I'm having a difficult time understanding time complexities of algorithm. I know that a polynomial time is of the form O(n^m) where m is a constant. Consider the following case where A is a list of elements:

Foo(A)
for each element a in A:
    for each element b in A-a:
        Polynomial-Time-Algorithm-Bar(A, a, b)

If n is the size of A,

1) Am I right in understanding that Foo(A) is also a polynomial time algorithm , because the function Polynomial-Time-Algorithm-Bar is called (n-1)*n times ?

2) When would an algorithm making calls to another polynomial time algorithm become exponential. I understand that if it has a running time of O(n^m) and m is variable and n is constant, then it would be exponential.
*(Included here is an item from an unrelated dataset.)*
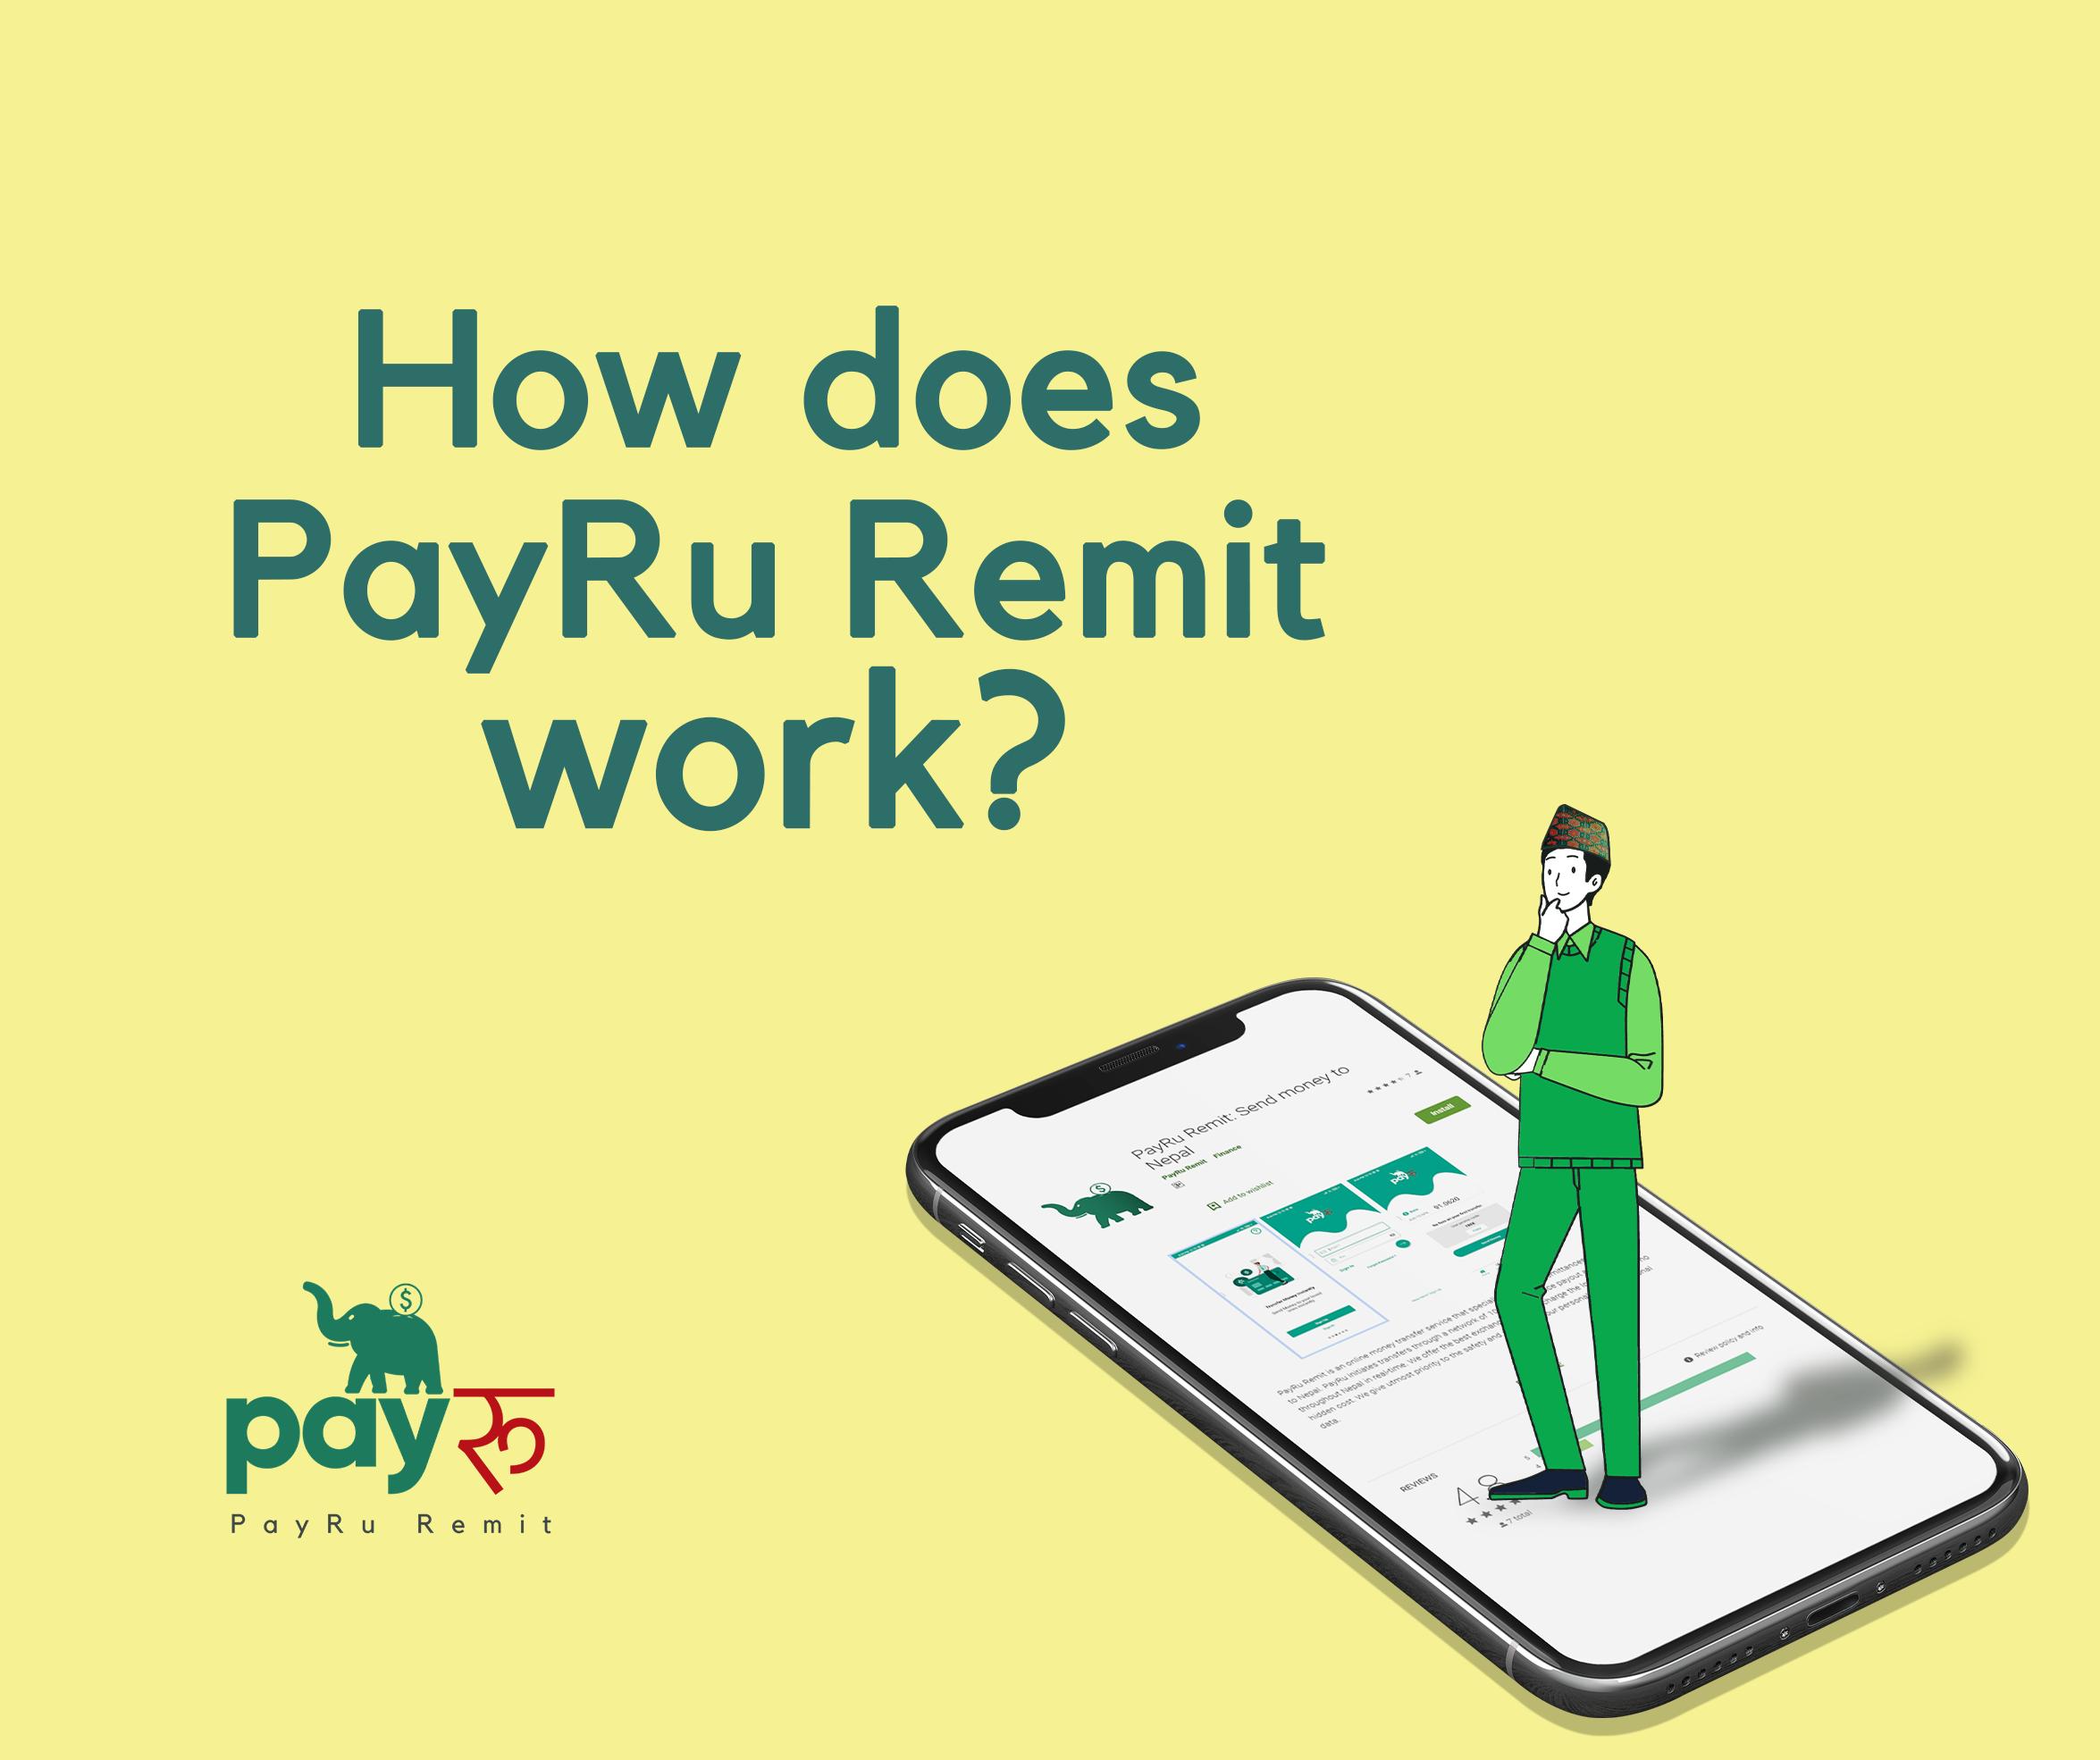 How payru works
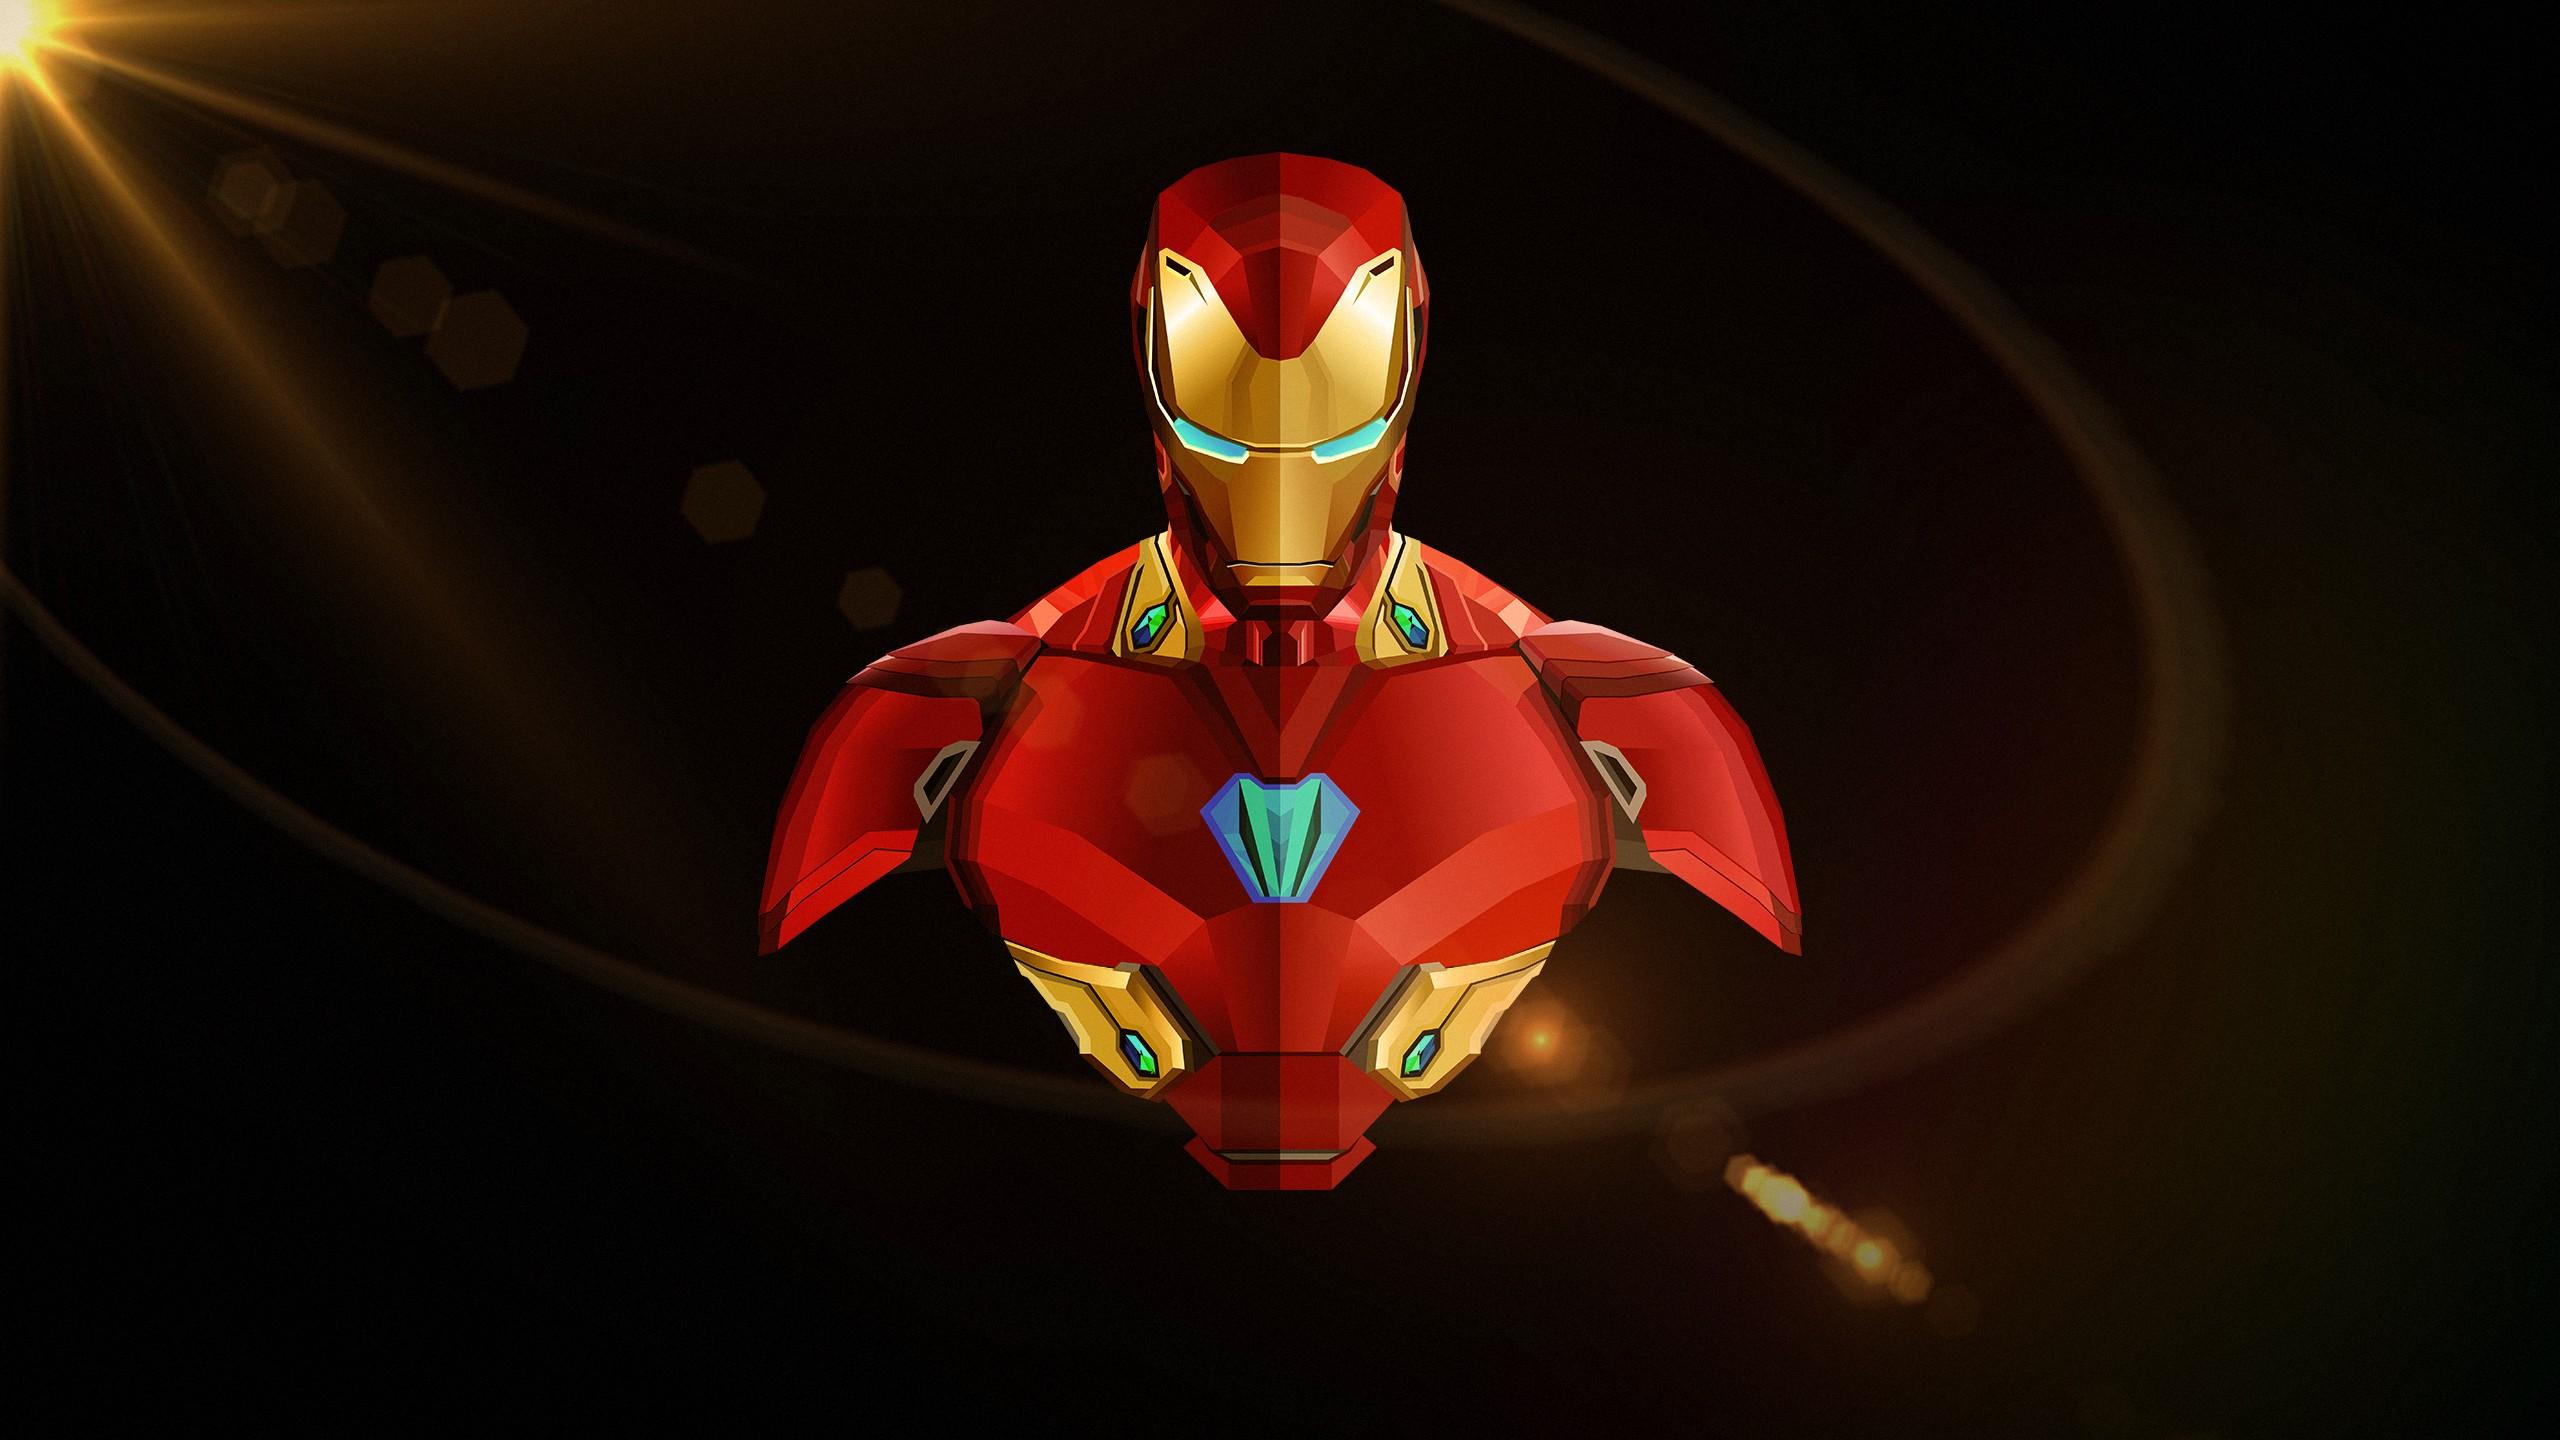 Animated Skull Wallpaper Iron Man Avengers Infinity War Minimal Wallpapers Hd

Can you give me an example of such a case in the above example?

Answer 1

I assume $n$ is the number of entries in array/set A.

1. Yes, since polynomials are closed against multiplication; specifically, $n(n-1) \cdot p(n)$ is always polynomially bounded as long as $p(n)$ is polynomially bounded.

2. As a consequence, the only way to achieve exponential running-time by calling a polynomial-time algorithm with parts of the original input is to call it exponentially often.

   Example:

   Foo(A)
     if |A| >= 2
       a = A[0]
       b = A[1]
       Polynomial-Time-Algorithm-Bar(A, a, b)
       Foo(A - a)
       Foo(A - b)
   

   The number of calls to PTA-Bar is given by

   $\qquad\begin{align*} C(0) &= 0,\\ C(1) &= 0,\\ C(n) &= 2C(n-1) + 1, \qquad n \geq 2, \end{align*}$

   which solves to $C(n) = 2^{n-1} - 1$ for $n \geq 1$. Ergo, the running time of Foo is in $\Omega\bigl( 2^n \cdot p(n) \bigr)$ if PTA-Bar takes time $p(n)$.